Study the rhythm on its own.

‘Say along’ with the audio clip – saying it is half way to playing it.

Practice the chords in this rhythm in all three positions.

MPR_M6_05

Now split the first right hand pair of notes and play the thumb first.

MPR_M6_06

Now your beat map has different right and left hands. Only the right hand has changed.

It a good idea to practise your rhythms away from the keyboard. Try to tap your foot as well. Follow this beat map audio.

Rhythmic patterning is a large part of popular keyboard style, and if you get into the habit of thinking about it and practising methodically, you will make speedy progress.

Crushed notes

What gives the module riff its real bluesy feel is the ‘crushed note’ in the right hand.

MPR_M6_08

The first right hand thumb note of every pattern has a short extra note crushed up against it. It’s the note a semitone below.

Study the MidiPiano Piano Roll view of the crushed note.

There are two ways to play the crushed note. In G and C, the crushed note is a black key note, so you can easily play that key with the thumb and pull the thumb off onto the main white-key note. Otherwise, you use a different finger – RH2 for the G and C positions and RH1 for D.

Here is a video clip showing both techniques in G and C.

This text you don’t see

The crushed note is omitted in the D pattern.

Listen for more crushed notes in the module riff, and in 12-bar keyboard playing generally. Note that it takes a long time to develop a reliable, finely judged crushed note technique – just work at it!

Filling up the chord sequence 

The inverted moving pair pattern is two bars long.

(Note, for interest, how the crushed note is shown in written-out music.)

Here’s our original, simplest 12-bar chord sequence.

Where you have two bars of the same chord, the two-bar patterns will fit nicely.

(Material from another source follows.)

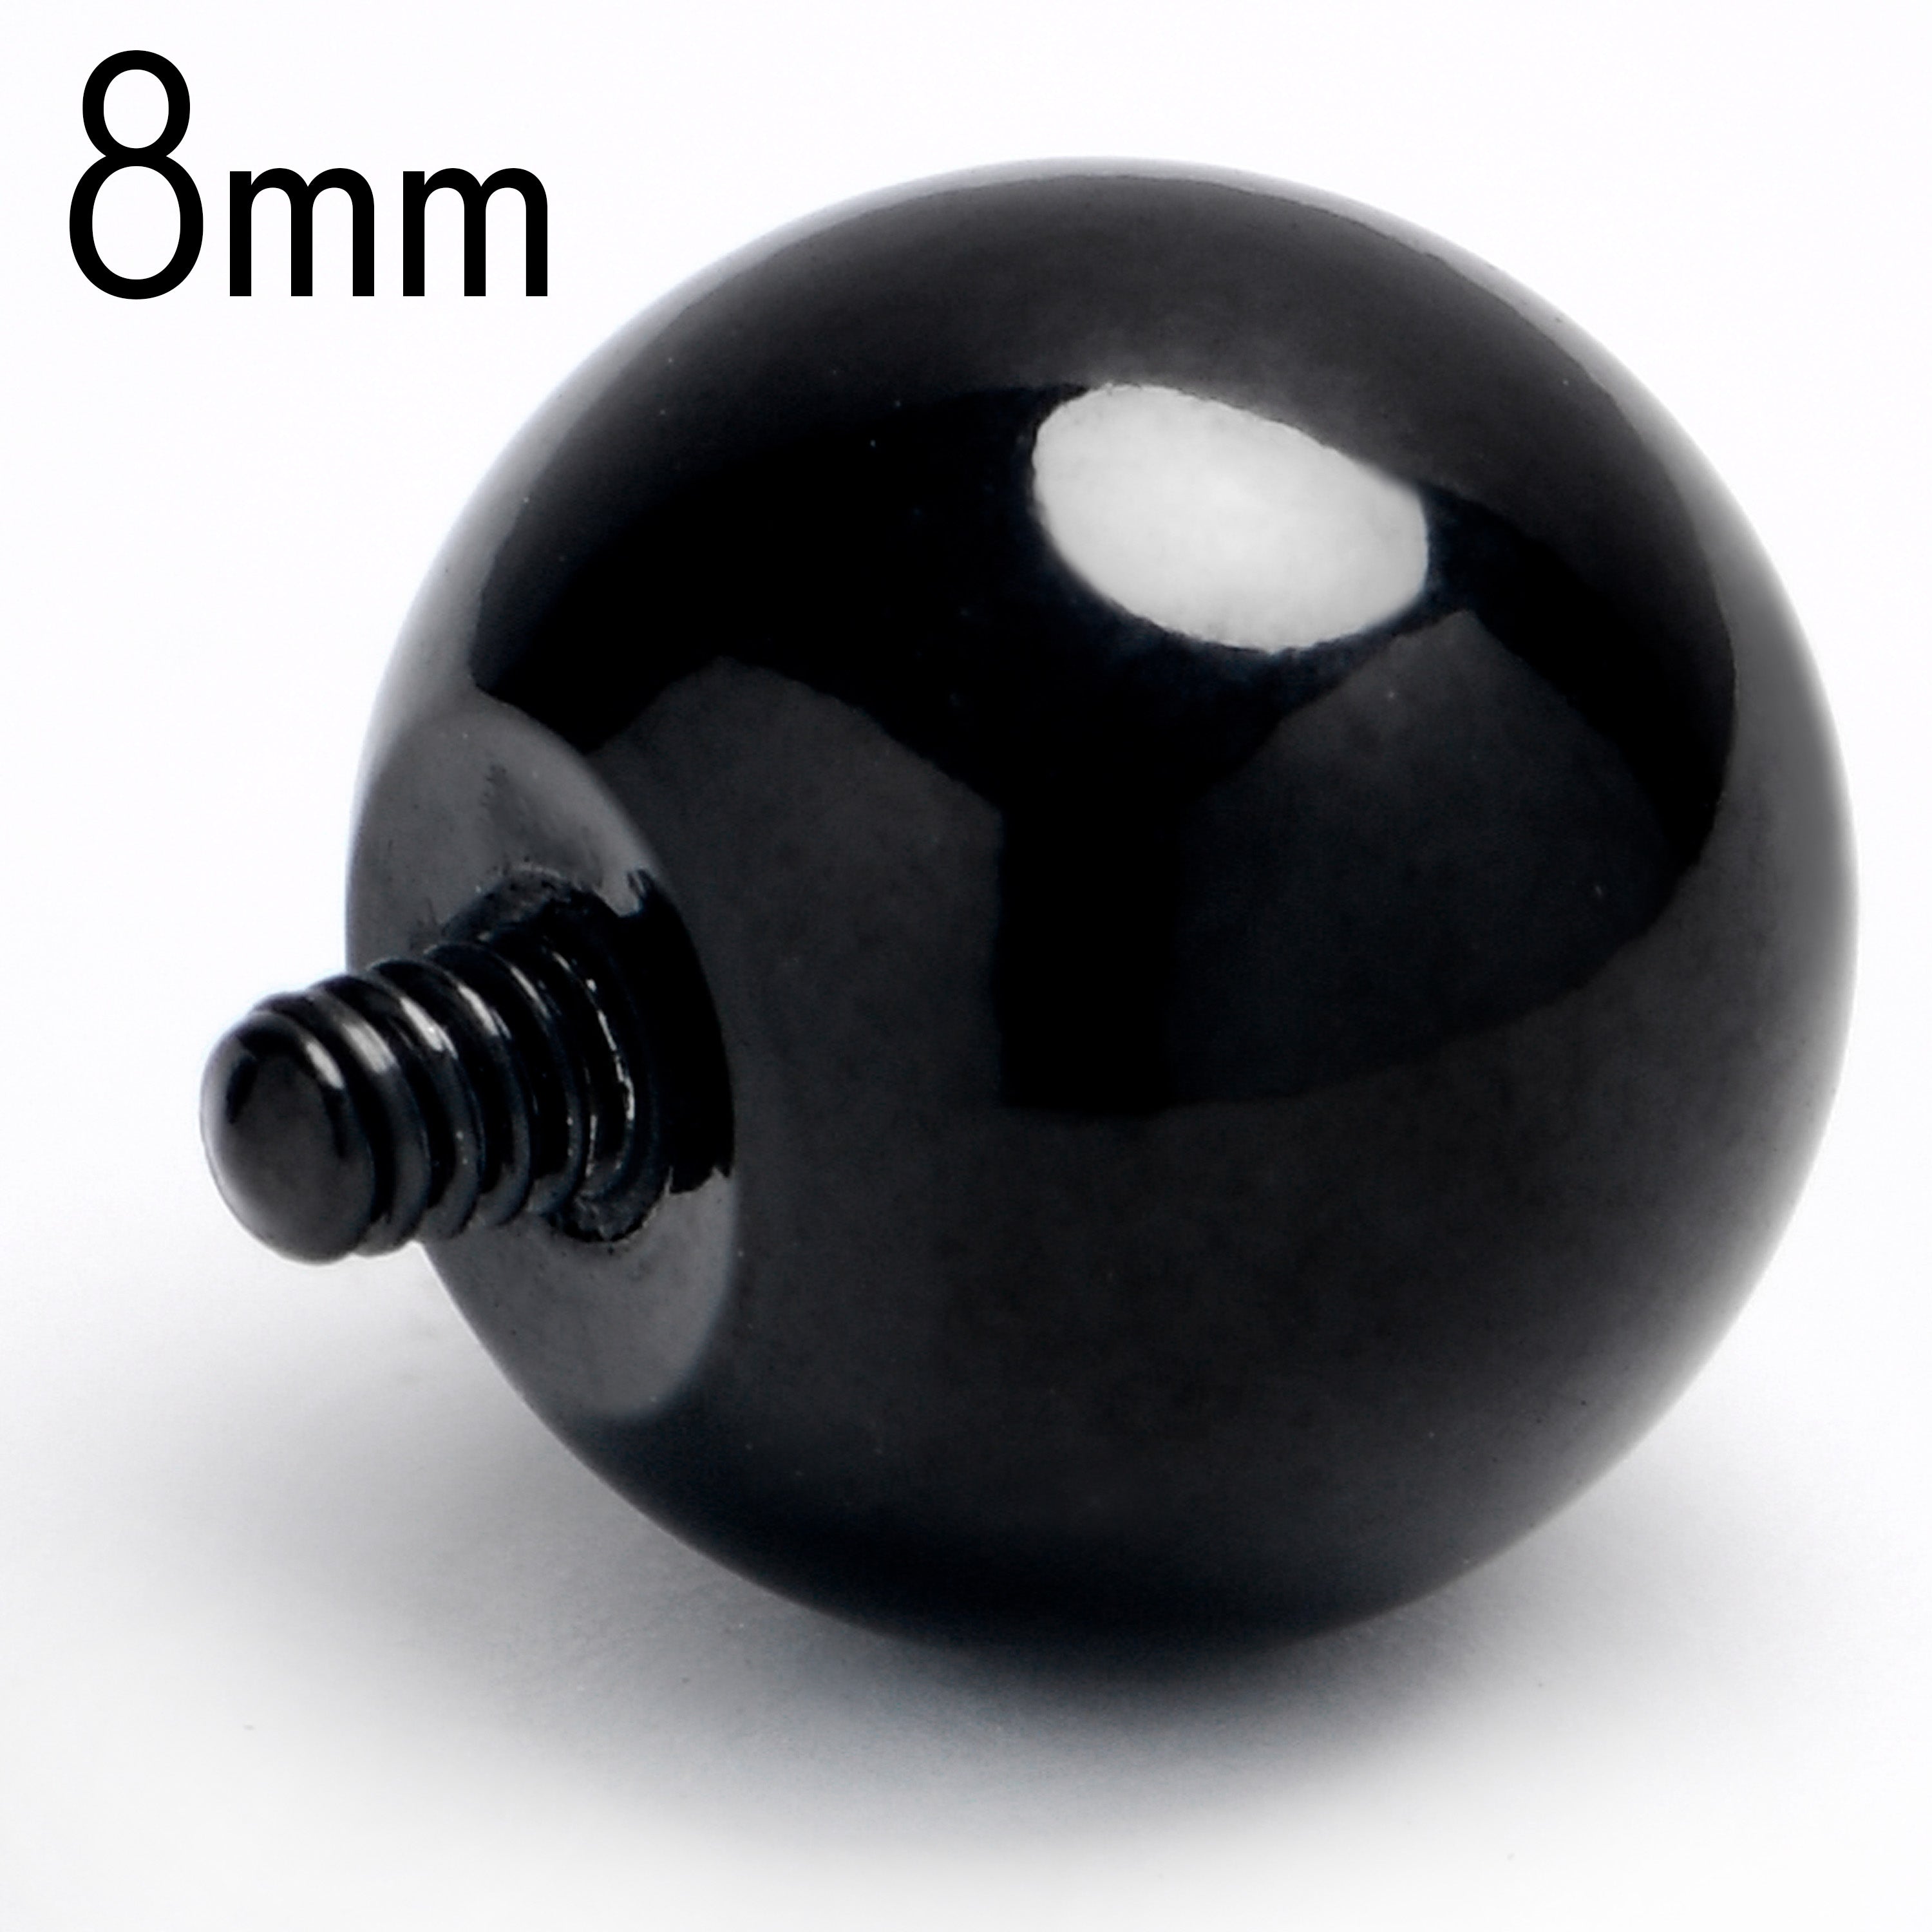 14 Gauge 8mm Black Replacement Ball End Internally Threaded Jewelry

But bars 9 and 10 are one chord apiece, so we can’t use our pattern as it is, because it’s two bars long. The Module Six ‘solution’ is to use the rising half of the pattern in D and the falling half in C, using the rhythm of the second half of our pattern both times.

MPR_M6_09

The audio demonstrates the D and C patterns without crushed notes, but you can put in as many as you like, either sliding off the black key or using the next-door finger.

MPR_M6_10

As you can hear, putting crushed notes everywhere you can is ‘too much’. Listen closely to the Module riff again to hear the Musicarta suggestion.

MPR_M6_01

An alternative chord sequence

An alternative to having half patterns in bars 9 and 10 would be to use this chord sequence:

Try it – it will help you recognise chord sequences.

MPR_M6_11

Module summary

Here's the module tutorial video.

This is the end of the main ‘Moving Pair Riff’ learning material, which has introduced the basics of all piano 12-bar blues and boogie styles. The rest of the series invites you to discover how much you’ve learned, as you start to play some other classic blues and boogie keyboard riffs based on the Moving Pair material.